Copy number variations (CNVs) contribute to a substantial fraction of human genetic variation and are increasingly involved in disease associations and genome evolution (Lupski, 2015). Many evidences reveal the causal relationship between CNVs and many human disease phenotypes, including scores of known genomic diseases and hundreds of complex disease traits (Usher and McCarroll, 2015; Zarrei et al., 2015; Lauer and Gresham, 2019). One of the essential issues in CNV research is to understand how CNVs affect the occurrence of diseases (La Cognata et al., 2017; Gentile et al., 2021).

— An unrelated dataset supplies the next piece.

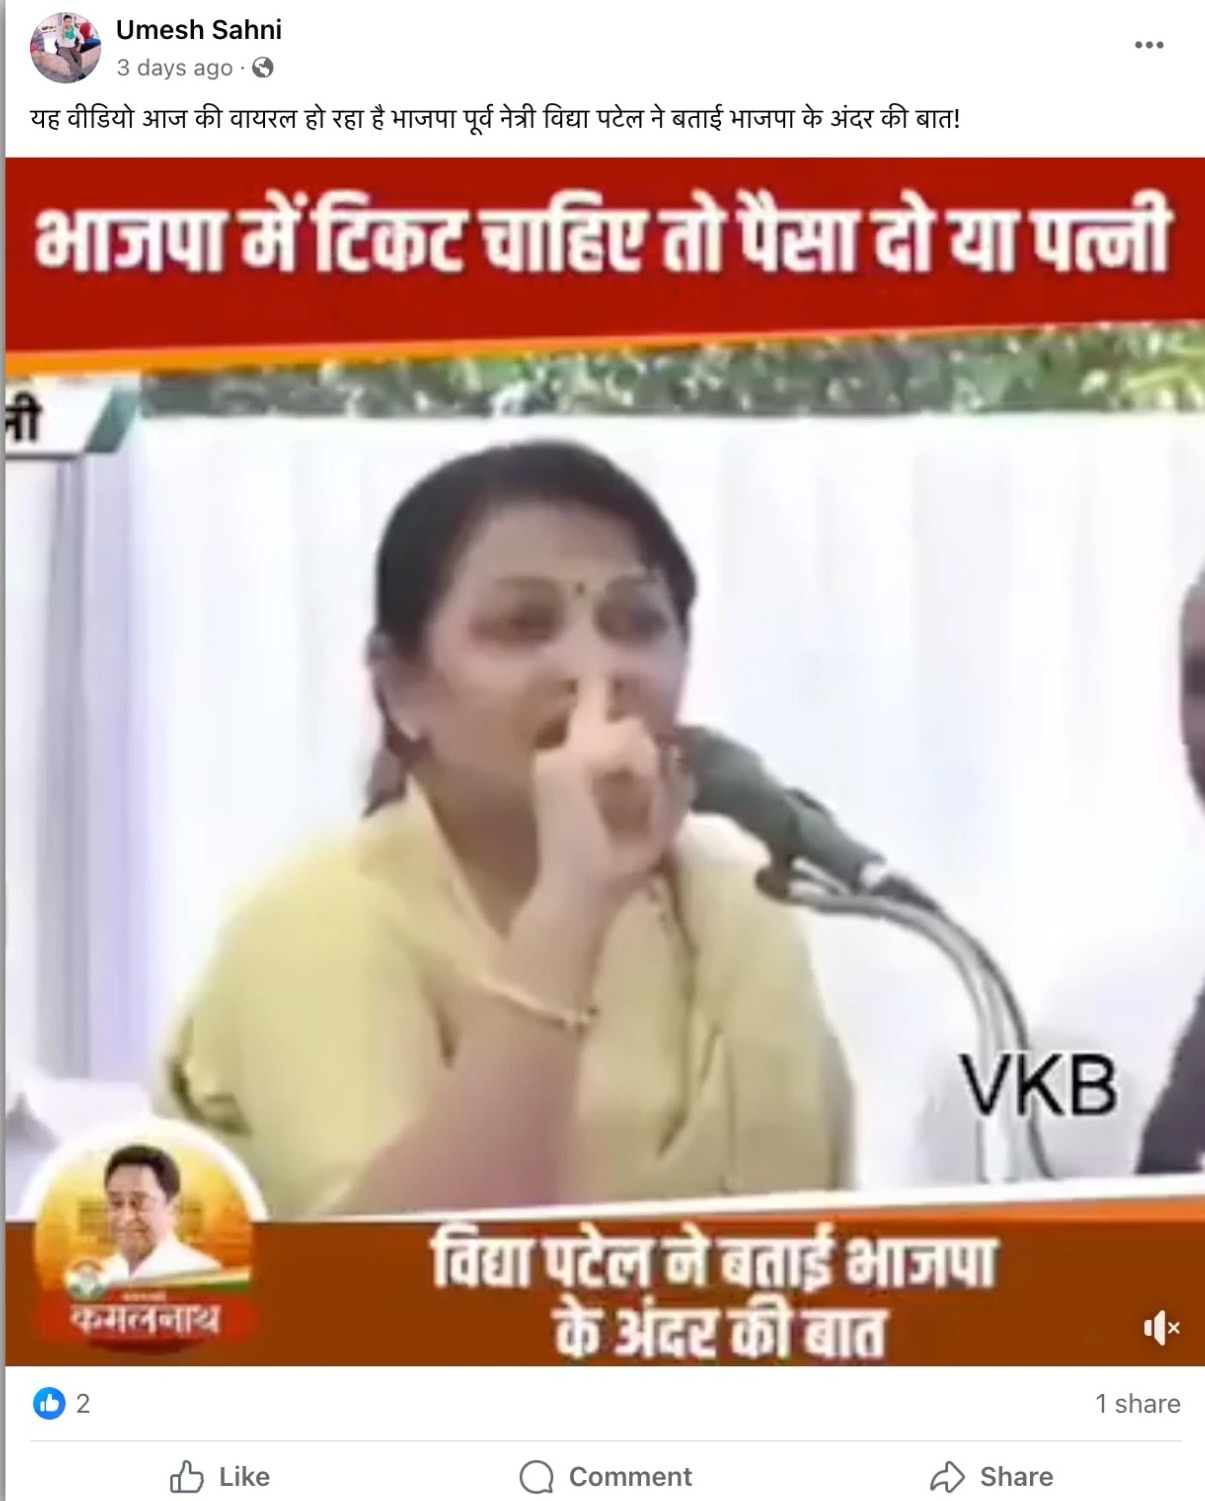 Fact Check: 'दौलत और औरत' की पार्टी बनी BJP, महिला नेता का गंभीर आरोप, जानिए क्या है इस वीडियो की सच्चाई
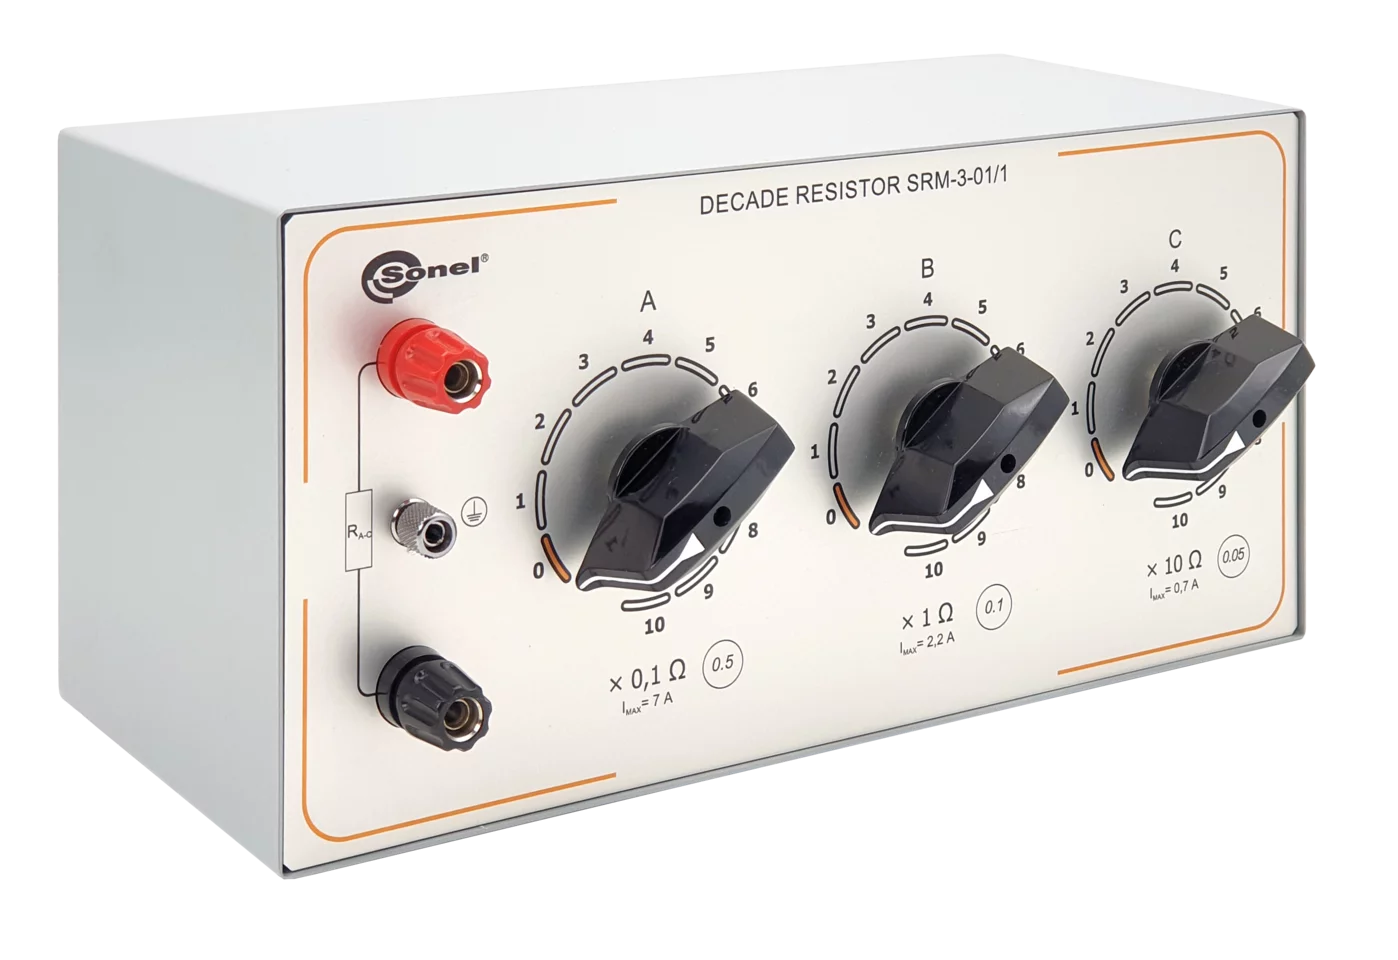 Manual decade resistor SRM-3-01/3-1

With the increase in the number of verified CNV–disease associations, several databases have been published, such as DGV (MacDonald et al., 2014), DGVa (Lappalainen et al., 2012), dbVar (Church et al., 2010), CNVD (Qiu et al., 2012), and DECIPHER (Firth et al., 2009). However, known CNV–disease associations include only a small fraction of CNVs and diseases. Calculation models and methods have been developed to predict the potential CNV–disease associations, which can be used as candidates for biological experimental verifications. Calculation models and methods would greatly reduce the experiment cost and save time in finding new CNV–disease associations.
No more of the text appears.